Smart Pricing: Estimating Price of Car Using Enhanced Features and Knowledge-Based System

Authors: Dhanshree Konde, Pooja Kachare, Prajakta Yadav, Rohini Reddy, Shrushti Kunjeer, Prof. Sourabh Natu

DOI Link: https://doi.org/10.22214/ijraset.2023.52309

Abstract

The price of a new car in the industry is fixed by the manufacturer with some additional costs incurred by the Government in the form of taxes. So, customers buying a new car can be assured of the money they invest to be worthy. But due to the increased prices of new cars and the financial incapability of the customers to buy them, Used Car sales are on a global increase. Therefore, there is an urgent need for a Used Car Price Prediction system which effectively determines the worthiness of the car using a variety of features. Existing System includes a process where a seller decides a price randomly and buyer has no idea about the car and its value in the present-day scenario. In fact, seller also has no idea about the car’s existing value or the price he should be selling the car at. To overcome this problem we have developed a model which will be highly effective. Random Forest Algorithm is used because it provides us with continuous value as an output and not a categorized value. Because of which it will be possible to predict the actual price a car rather than the price range of a car. User Interface has also been developed which acquires input from any user and displays the Price of a car according to user’s inputs.

Introduction

I. INTRODUCTION

The global automobile industry has expanded and grown every year, becoming increasingly competitive. Consequently, it is crucial to establish accurate pricing that is equitable for both clients and manufacturers in this fierce auto industry. However, both clients and manufacturers may have divergent opinions on how much a car should cost or be traded for. Therefore, both consumers and producers seek counsel from automobile dealers, auto publications, or websites, but obtaining this information may take a while, leading to bewilderment among market buyers. Given the significance of the transportation sector, it is not surprising that the automobile industry is crucial to developing nations. In India, where urban public transit is underdeveloped, automobiles and motorbikes are the primary modes of mobility. Compared to motorcycles, vehicles are becoming increasingly prevalent.

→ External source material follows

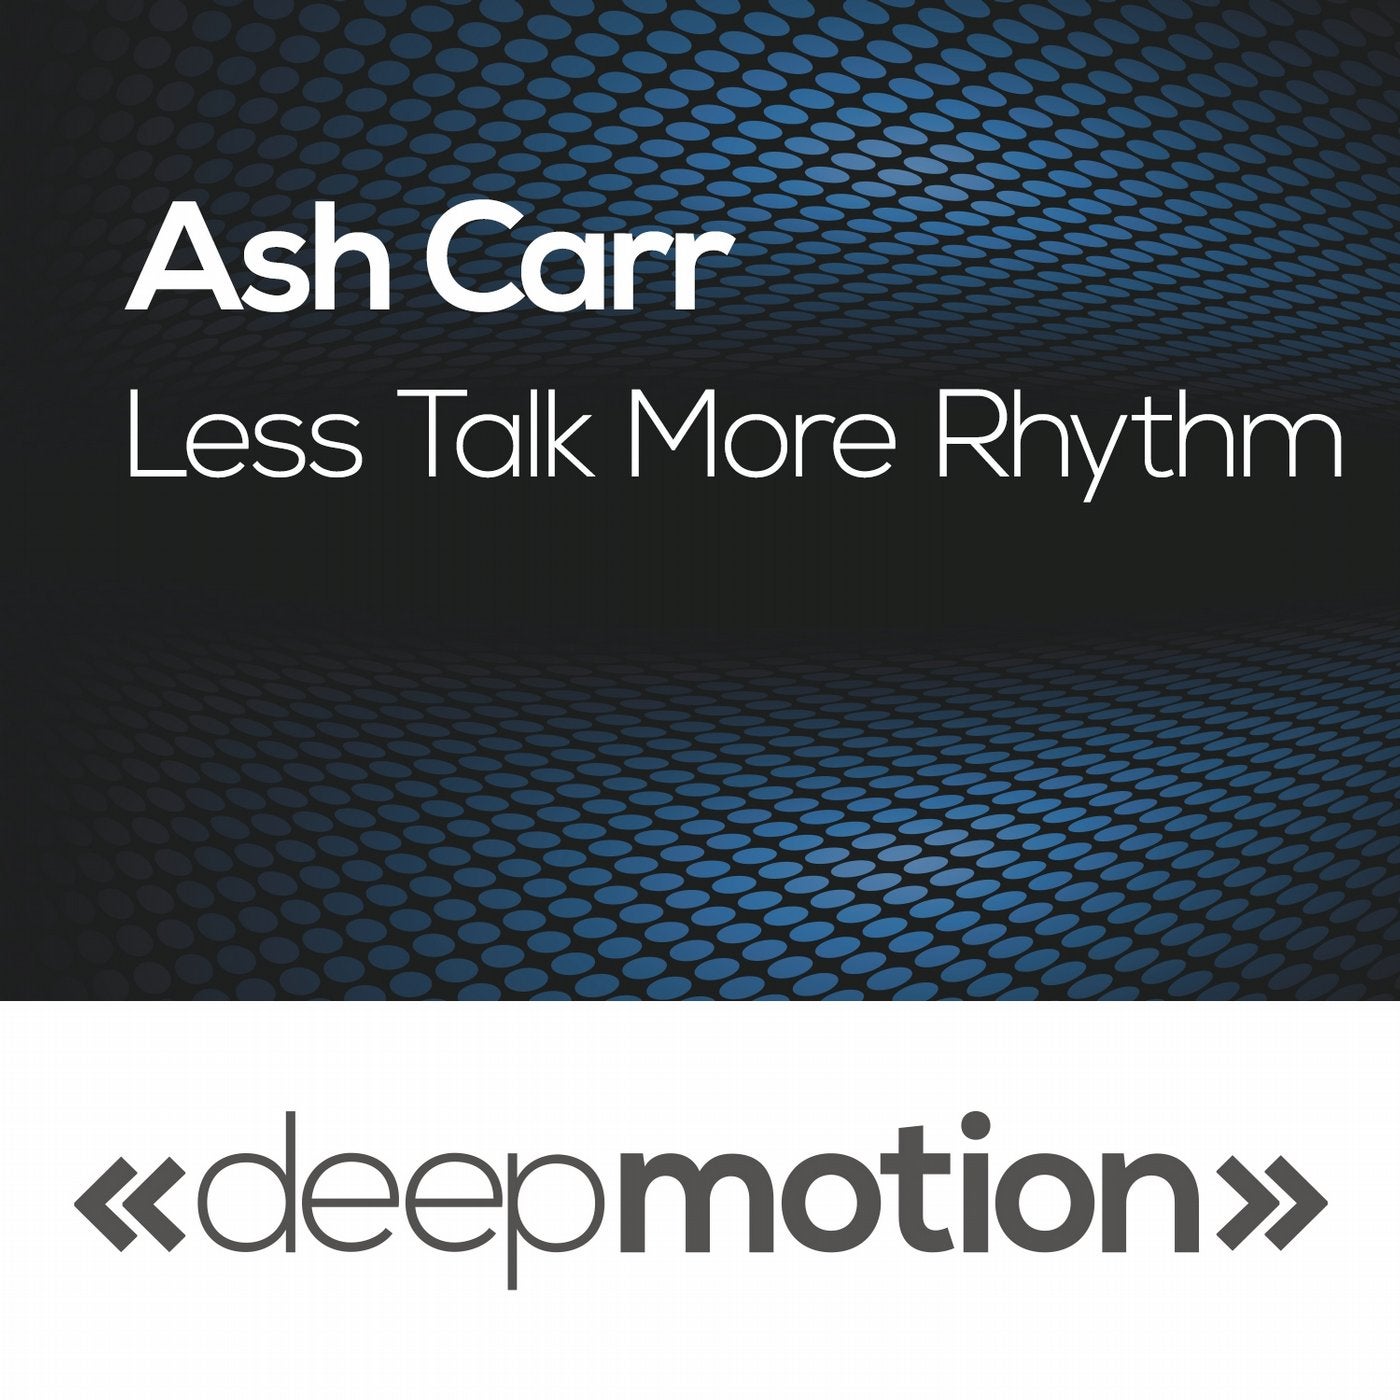 Less Talk More Rhythm
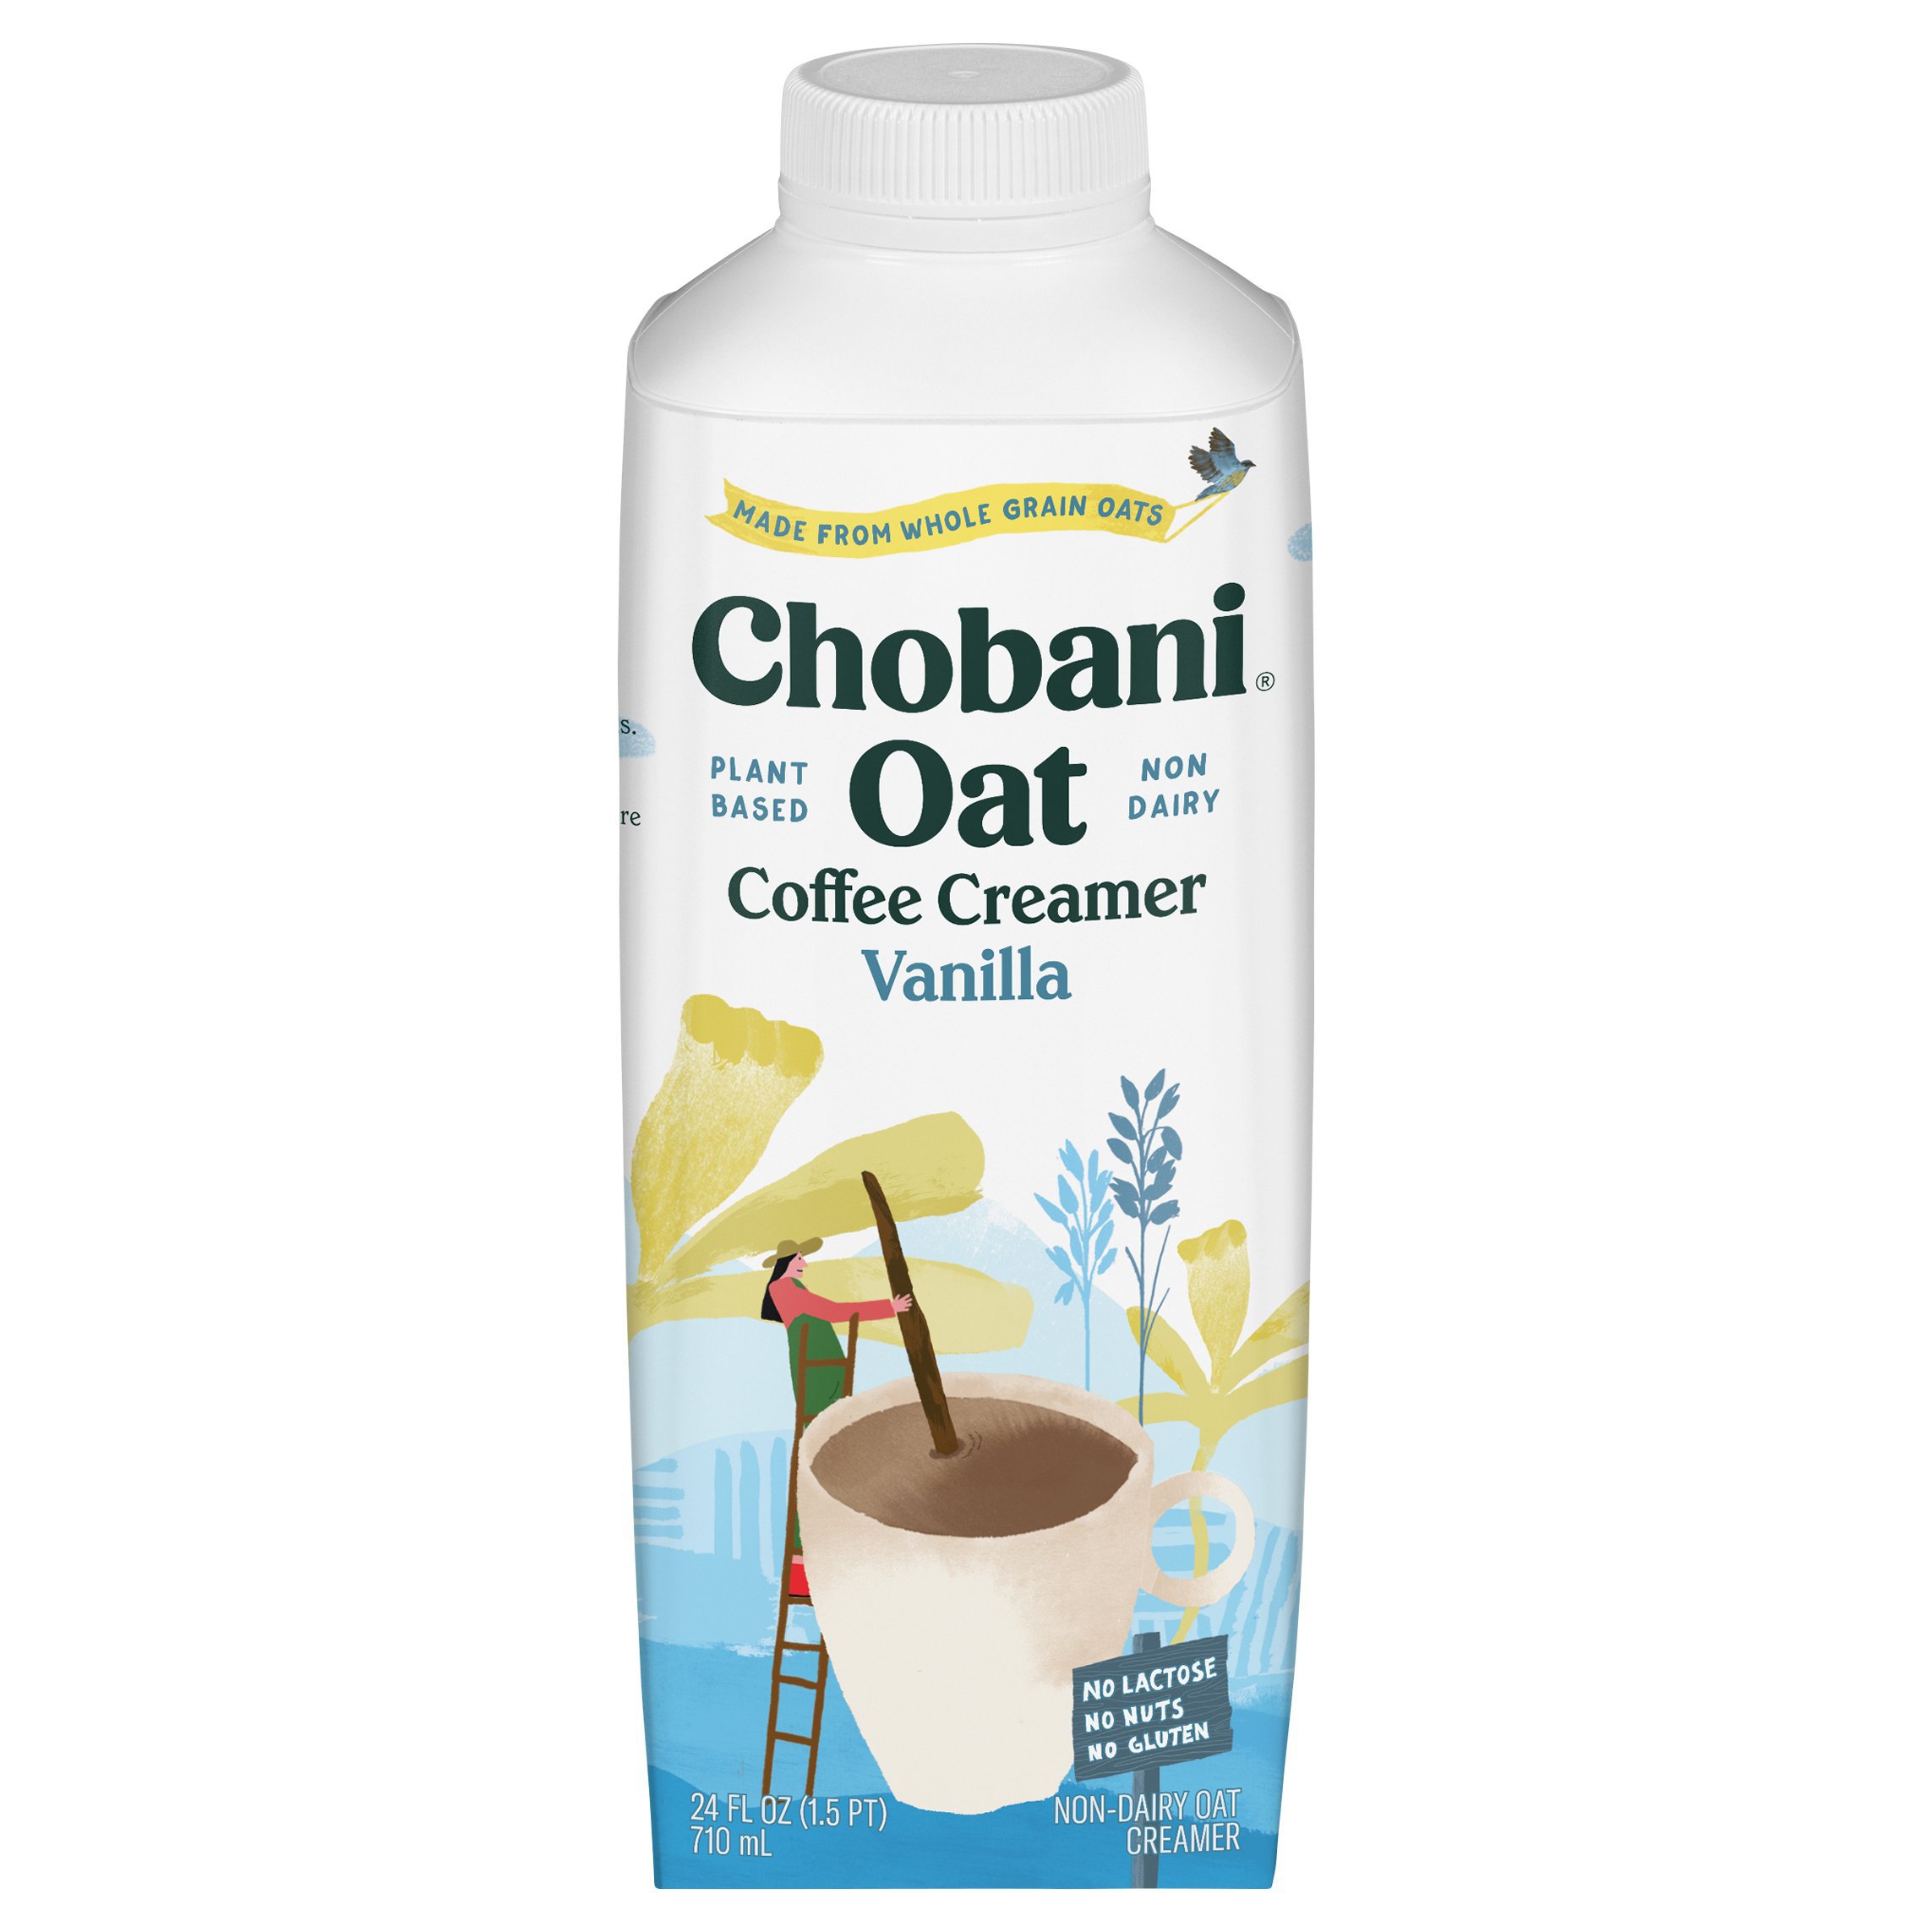 Chobani Oat Plant Based Vanilla Coffee Creamer Shop Coffee Creamer At

As a result, with a considerable size and numerous transactions, buying and selling cars is a vital component of the economy. The sale and purchase of vehicles between the customer and the seller have become substantially simpler with the growth of e-commerce. We can categorize the information we obtain on automobiles into two categories: structured data and unstructured data. There are two types of structured data: quantitative and qualitative. Nevertheless, it is essential to discern the specific circumstances of the automobile to comprehend the observations regarding unstructured data, which refer to the perceptions of those who view the material or the evaluations of the seller.

A. Problem Statement

Predicting the value of a pre-owned vehicle was a challenging task due to the myriad of factors that affect its market price. In the future, this study will develop machine learning models that can nearly prophesy the cost of a car based on its attributes and overall performance, thus enabling consumers to make enlightened choices. We are utilizing and evaluating various learning algorithms on a dataset that encompasses the selling prices of different brands and models in this research. This project will juxtapose all of this data to all Support Vector Machine (SVM) techniques as well as the efficacy of multiple machine learning algorithms such as SVM. The project will appraise the value of a car based on multiple parameters and contrast the prices of new vehicles.

???????B. Motivation

Forecasting the worth of a previously owned automobile was a formidable task owing to the multitude of factors that influence its market value. Hence, we developed this model to simplify this task of predicting the price of used cars.

???????C. Goal

This project’s primary goal is to forecast used automobile prices using Random Forest Algorithm.

???????D. Objective

A supervised machine learning methodology will be employed to predict automobile prices.
This can empower customers to make informed decisions based on various inputs or variables, such as:

Purchased year
Current showroom price
Fuel type
Kilometres driven
Existing owners
Transmission type
Seller type

3. Designing a proficient and efficacious model that predicts the value of a pre-owned vehicle based on user inputs.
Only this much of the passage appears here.